Friday, November 11, 2011

Why Groupon is Rubber Candy


Those of us who eschew shopping at the Big Box Stores feel good about supporting small, local businesses. We have our reasons: supporting the community, trying to buy locally sourced goods, energy savings, providing ourselves with a context for presenting more thoughtfully chosen gifts. What a cute idea is Groupon (and similar daily-deal coupon services)! You join their service for free, they send you deals via email, you go try fun new things like paddle-boarding, and the local paddle-boarding business has a new customer.  The elevator pitch is easy.
So easy, in fact, it raises my first objection: why them? Daily-deal providers like this are easily copied, and are being copied by local newspapers, local community shopping districts, and department stores. Groupon also gets to compete with Facebook and LivingSocial and the monsters Google and Amazon.  If you like one of these daily-deal services, there is no reason not to belong to all of them.
Last month, you didn’t get a facial. But this month, you have a coupon for it and you get a facial. You saved so much money with the coupon, like 30%! Except if you hadn’t gotten the facial, you could have saved 100% of the money you spent.
Oh, but now with all the paddle-boarding and facials, your life is better, right? At least until you use up the coupon and move on to something else. And it is at this point that I start thinking about Manny’s Facials Emporium and Elizabeths’s Paddle-Boarding Paradise, and the money they spent luring you in as new customers.  Manny’s appointment books are full of new customers, but they are receiving services at a reduced rate, making the amount of profit these new customers contribute to his business minimal.
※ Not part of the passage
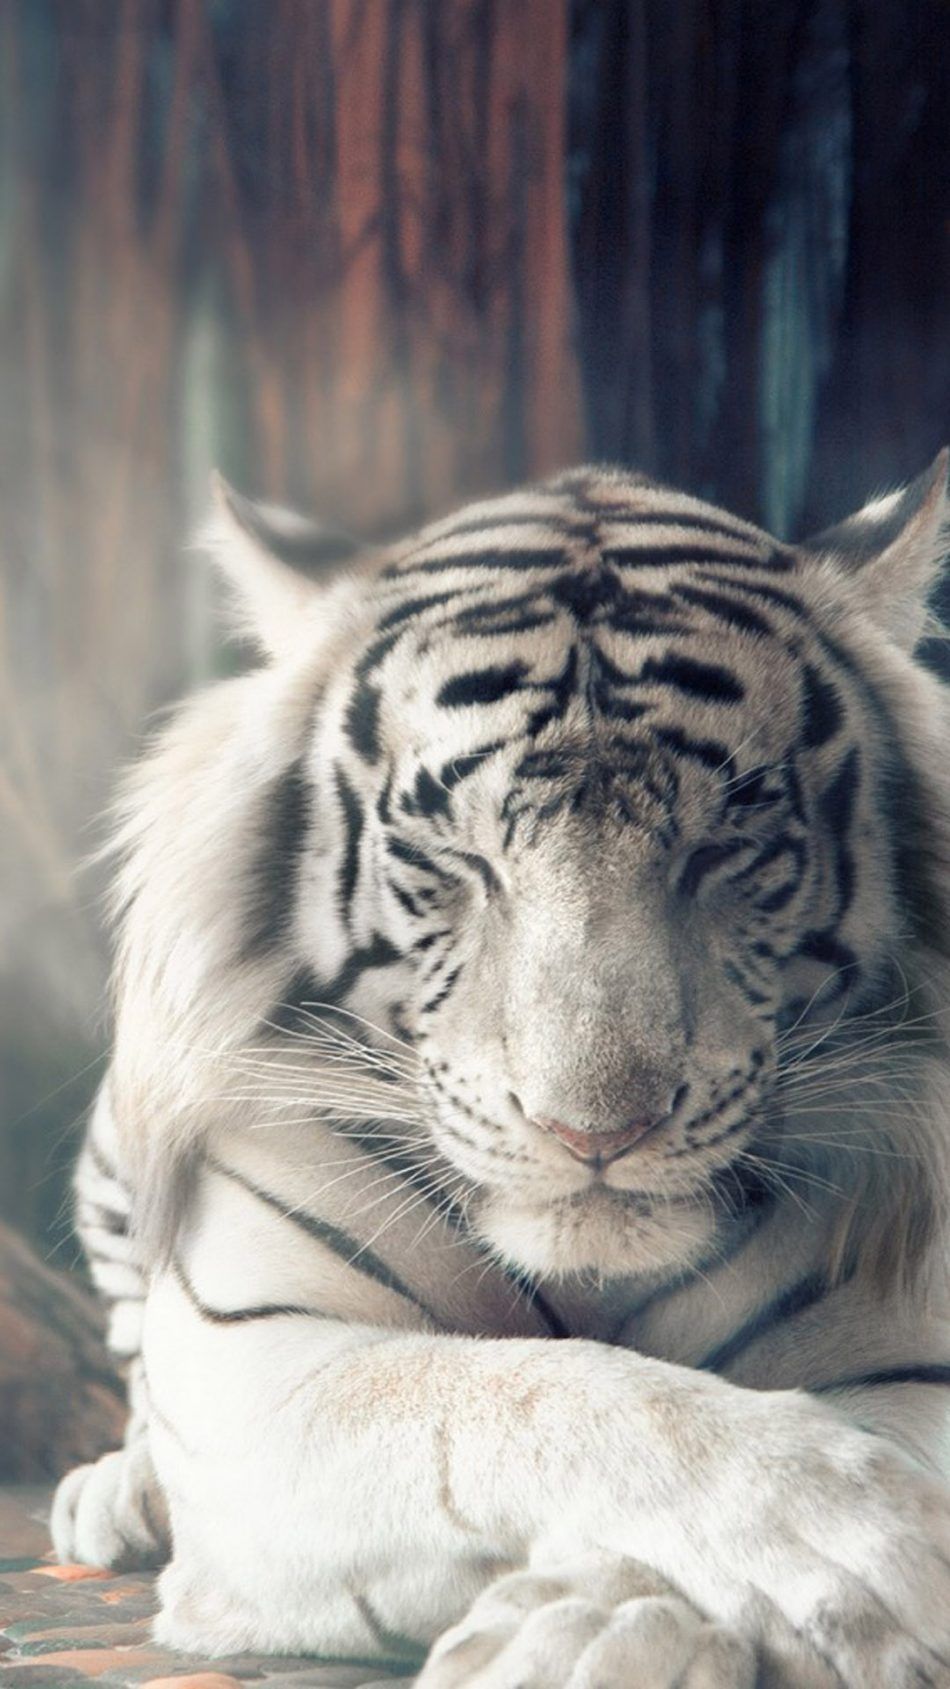 White Tiger Autumn Sunlight 4K Ultra HD Mobile Wallpaper. Tiger spirit animal, Tiger wallpaper, Animals beautiful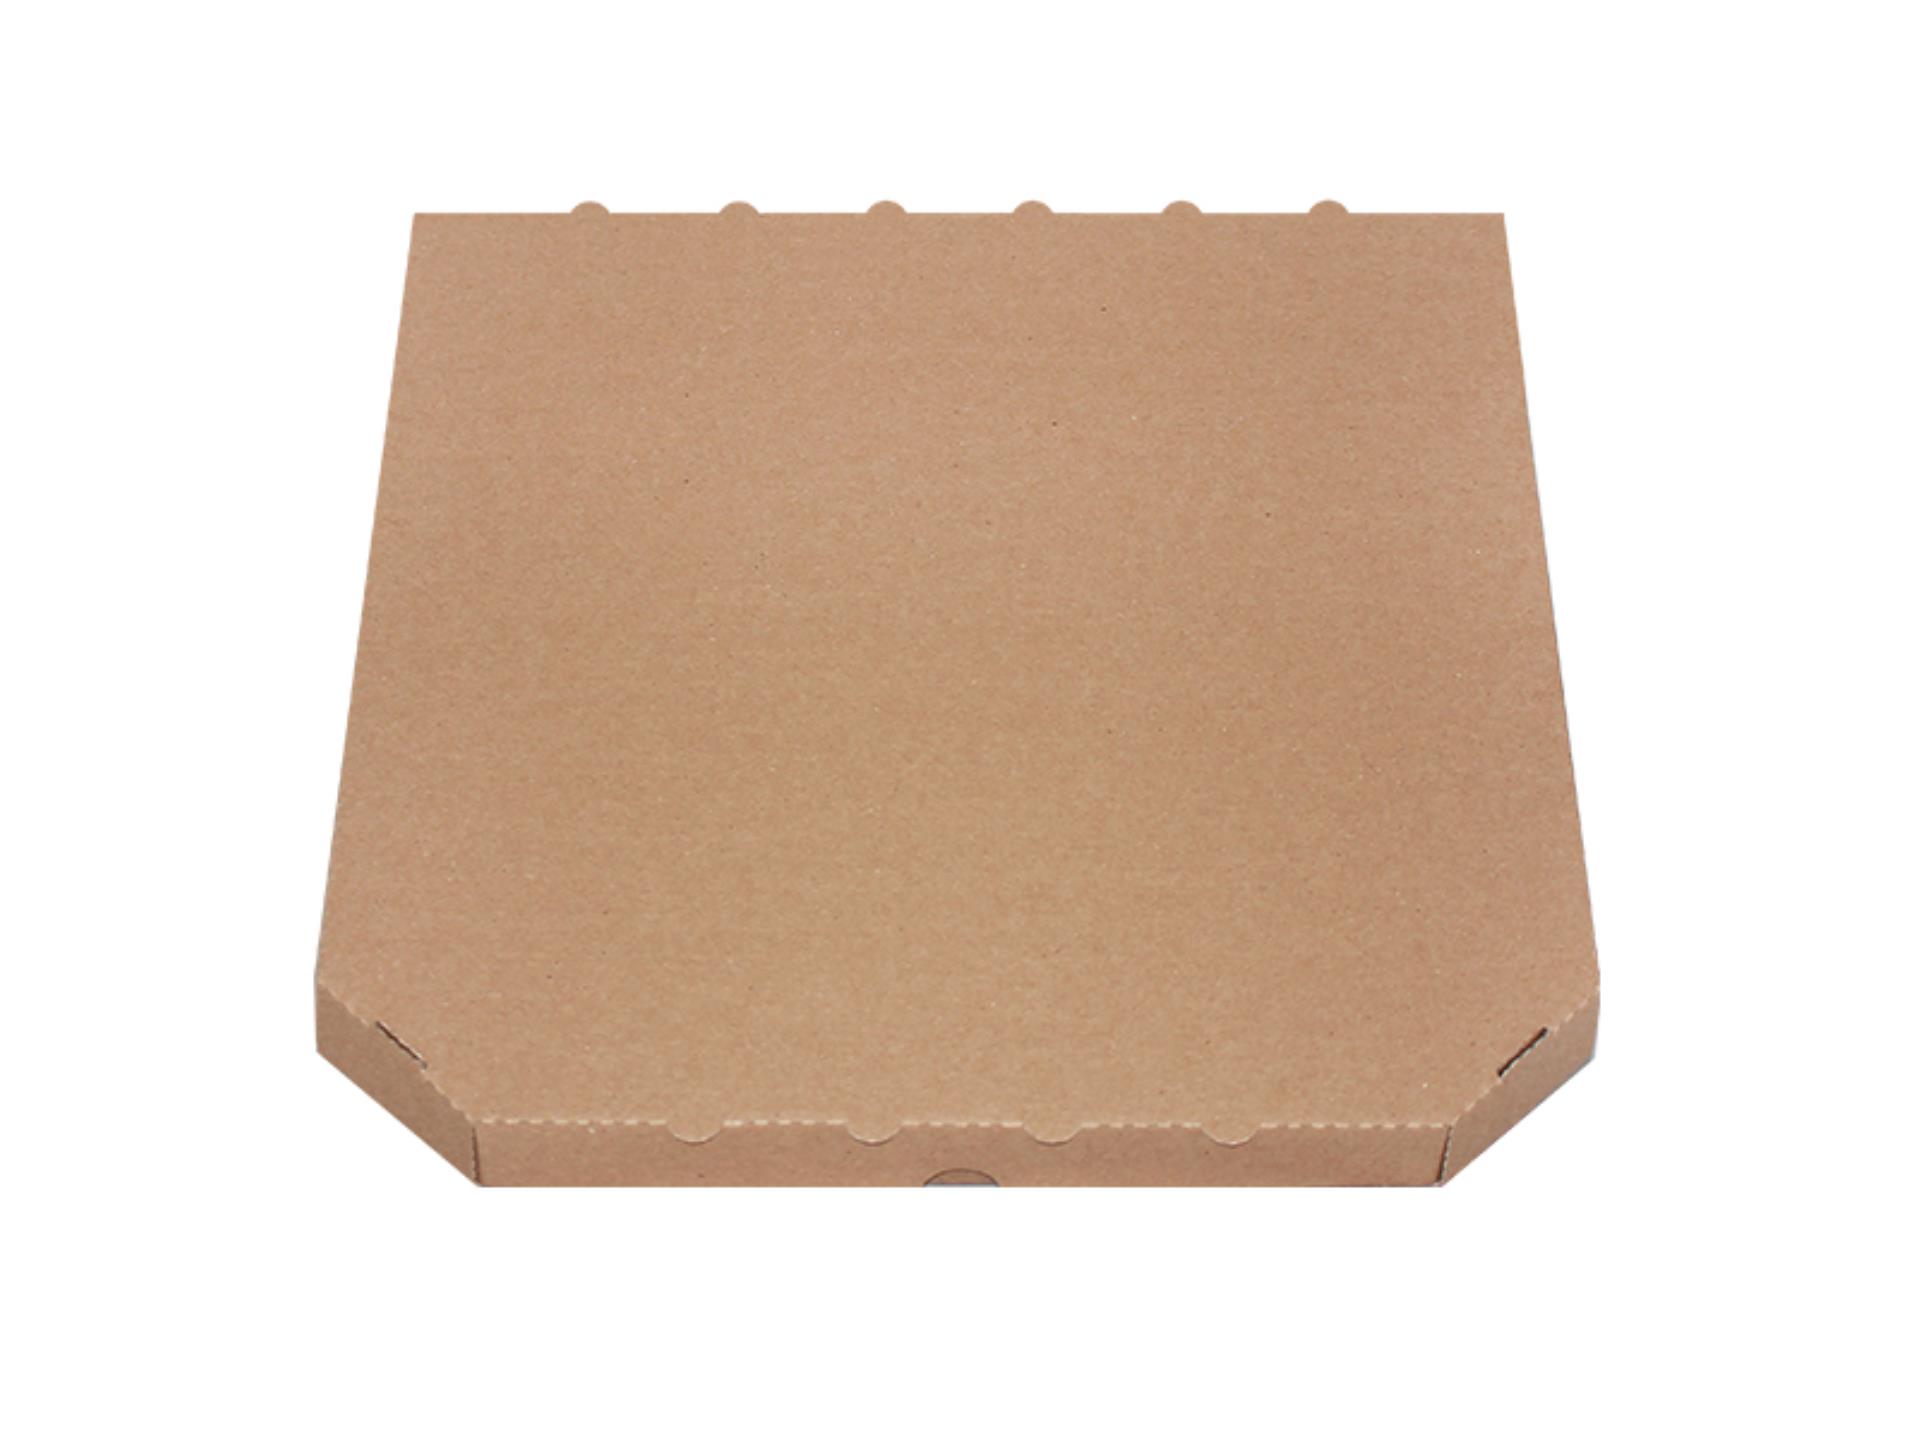 Krabice na pizzu - 32x32x3 cm - 150 ks

Most of the new customers will move along when they’ve used up the Facial Four-Pack Deal, because they belong to Groupon, and they’ll get another deal someplace else. Meanwhile, Manny’s devoted customers, who’ve been booking regular appointments for years can’t get the appointments they were able to get in the past. The waiting room is packed with new people, all talking about something called Groupon. The regulars perceive that others are getting special, new customer bargains, and once they get around to talking to the new customers, they’ll learn about joining Groupon and go someplace else (with a Facial Four-Pack Deal).
Over at Elizabeth’s, some of her regulars started complaining that all the best instructors are over-booked and no longer able to do make-up lessons. Elizabeth decides that her loyal customers need their own coupons, too. Suddenly Elizabeth and all of her instructors and staff, down to the janitor and the reservationist are working harder than ever and the business is making less money than ever.
Rubber candy looks amazing. It does not melt in the sun. You just can’t eat it.